Angélica Liddell es, hoy, el primer nombre internacional del teatro español. La descubrí hace muchos años. Reconocí en ella al genio y la he dedicado una docena de artículos exigentes pero asombrados. Mi inolvidado amigo Antonio Buero Vallejo, el mejor dramaturgo español desde Calderón de la Barca, no consiguió el premio Avignon que, por dos veces, ha consagrado a Angélica Liddell. Su Trilogía del infinito (Esta breve tragedia de la carne, ¿Qué haré yo con esta espada? y Génesis) que acaba de representarse en los Teatros del Canal, con éxito fulgurante, mereció una crítica justa en The New York Times, firmada por Vincentelli: “Esta breve tragedia de la carne posee una profunda y dolorida grandeza y una generosidad en la que cuerpo y mente se aceptan en todas sus variaciones… La pieza se despliega como una sucesión de escenas visualmente sorprendentes; puedes congelar el fotograma en cualquier segundo del espectáculo y obtener una composición perfecta”. No sé si habrá algún dramaturgo español que haya obtenido semejante crítica del primer periódico del mundo y el más influyente.

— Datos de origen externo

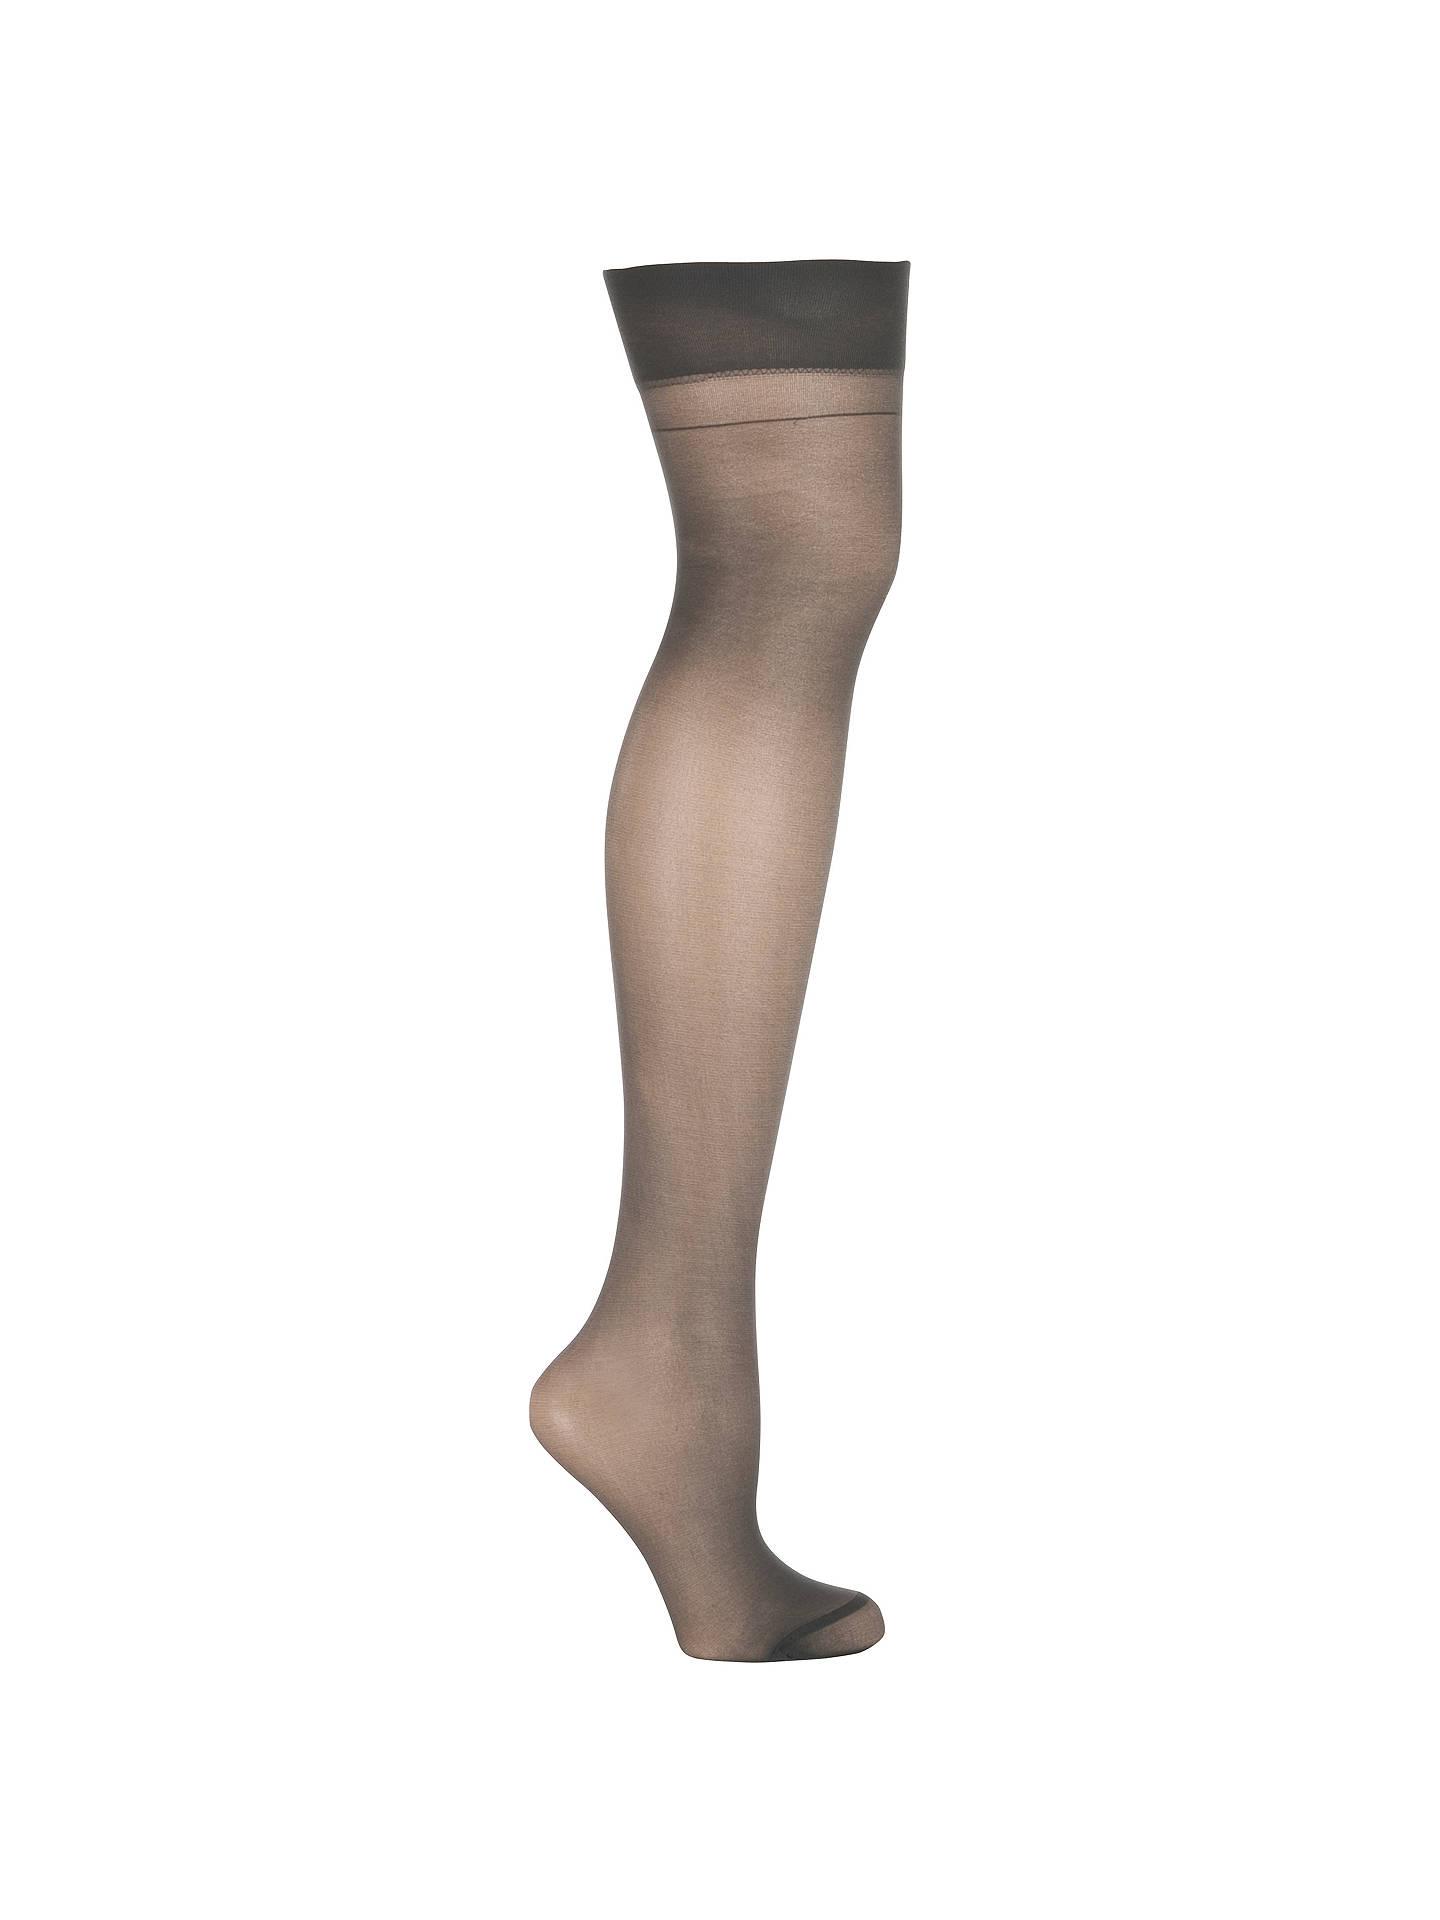 4d65a9b01b1 ... Buy John Lewis   Partners 15 Denier Sheer Stockings

Acabo de leer la poesía completa de Emily Dickinson, editada por Chus Visor en un tomo bilingüe de 1.500 páginas, con prólogo sagaz y traducción rigurosa de José Luis Rey. El aliento lírico de la poeta y su pensamiento sideral que nos devuelve al cosmos engendrador supera a los dos grandes estadounidenses del siglo XIX: Walt Whitman y Edgar Allan Poe.

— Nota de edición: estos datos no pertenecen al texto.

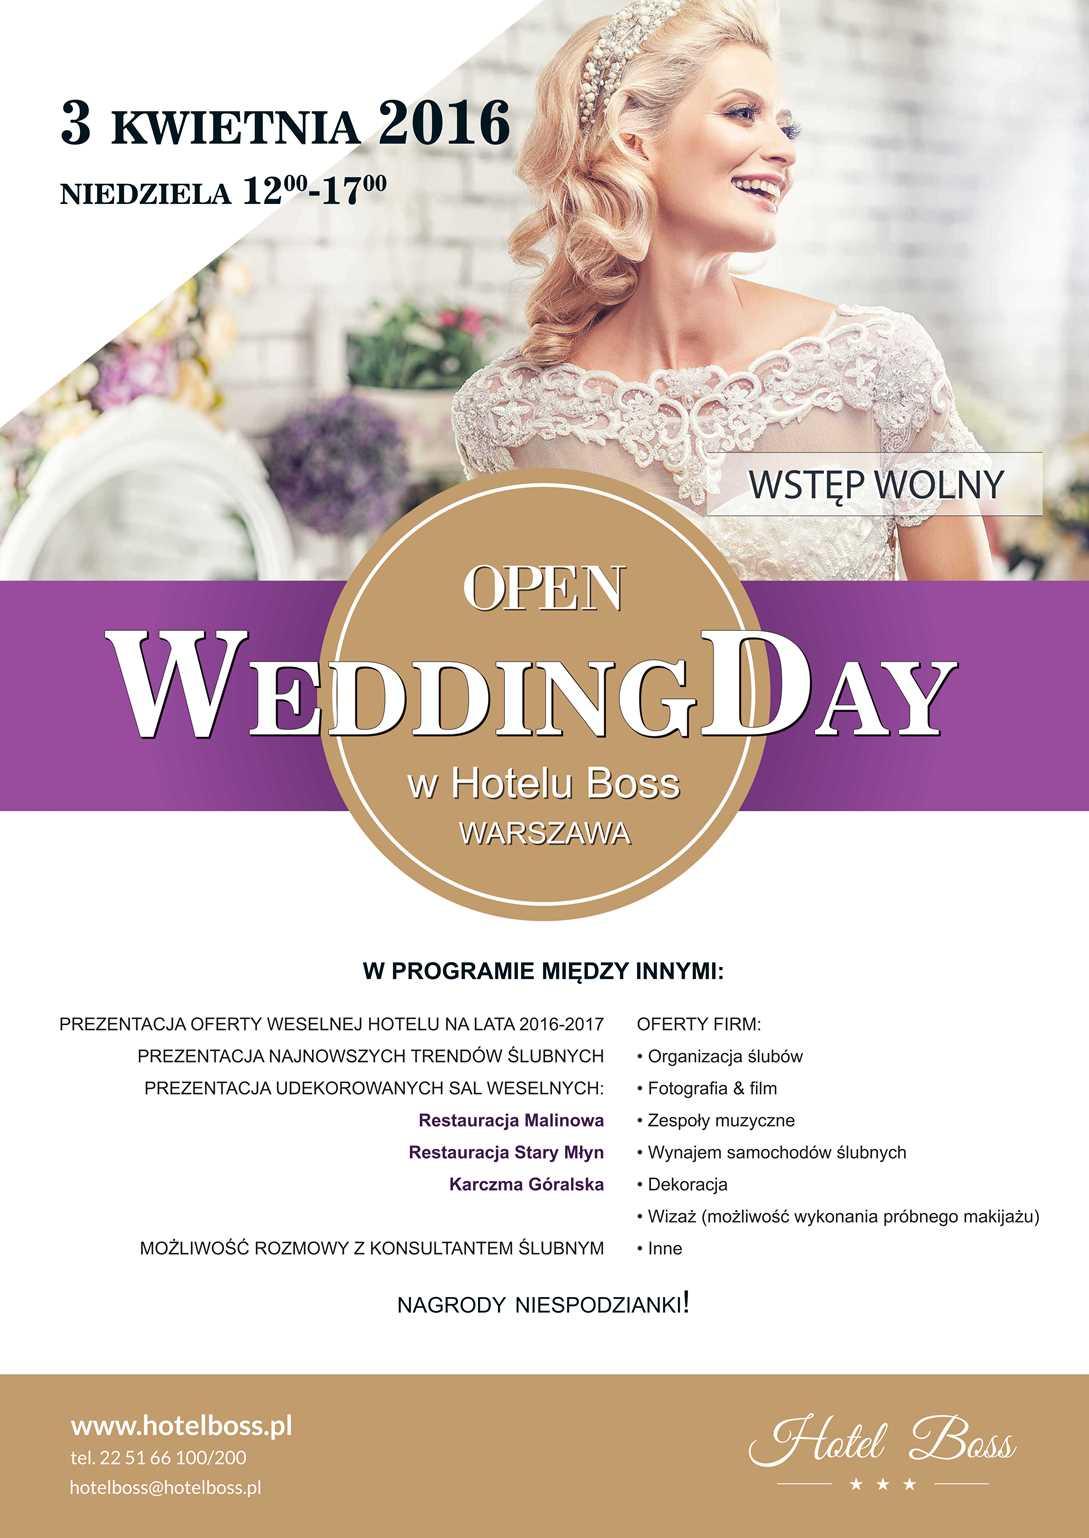 Open Wedding Day w Hotelu Boss 3 kwietnia 2016 r. Targi Ślubne

La Trilogía del infinito de Angélica Liddell se enciende -Esta breve tragedia de la carne- en el verso de Emily Dickinson. Las almas de la poeta americana y la dramaturga española se dan cita en el abismo del pensamiento sideral. “Tú y yo somos dos seres primitivos, Adán y Eva, que están en el principio de los tiempos y no tienen nada que ocultarse”. Ambas, Angélica y Emily, escriben un ensayo, en verso o en diálogo, de Metafísica general, de Ontología, para despellejar al ser, al ente humano y contradictorio. La obra que se acaba de representar en Madrid, admirable teatro de símbolos, es toda ella Angélica Liddell, que es un animal teatral, hostil siempre al entorno convencional. Con voluntad decidida de antisistema, escribe el texto erizado, alza una escenografía provocadora y deslumbrante, dibuja los figurines agresivos y dirige además a todos, incluso a ella misma como actriz, con sentido y conocimiento de la última vanguardia. Se rinde Angélica, Premio Valle-Inclán, a la ternura de una actriz y un actor, ambos con síndrome de Down, que recitan a Shakespeare como Romeo y Julieta y se besan de puntillas. Tiene algunos defectos la Trilogía del infinito, pero dejo a la crítica que los señale, con esa sorna con que algunos distinguen la obra de Angélica Liddell.
¡Qué teatro estamos viendo en Madrid! Es un regalo para el buen gusto literario y artístico. Coincidiendo con Angélica Liddell, me trasladé al Teatro Real para contemplar y escuchar Die Soldaten, la ópera de Zimmermann que Gregorio Marañón, Ignacio García-Berenguer y Joan Matabosch han tenido el acierto de programar, asegurándose, además, la provocación al encargar la dirección de escena a Calixto Bieito. Música arrebatadora que me sorprendió por su envergadura y aunque la calidad de las voces se fragilizaba con algunas desigualdades, el resultado general resultó brillante, incluso sobresaliente para indignación injusta de un sector del público demasiado convencional y aburguesado.
Habrá que aceptar sin acritud a esos aficionados a la ópera que solo se complacen con las obras tradicionales del circuito, las escenografías convencionales y la música, a la que no se puede negar calidad, del siglo XIX. Rechazan cualquier innovación, cuando la ópera es la máxima expresión cultural y debe estar abierta a la innovación y a la vanguardia y, por tanto, al debate y la controversia.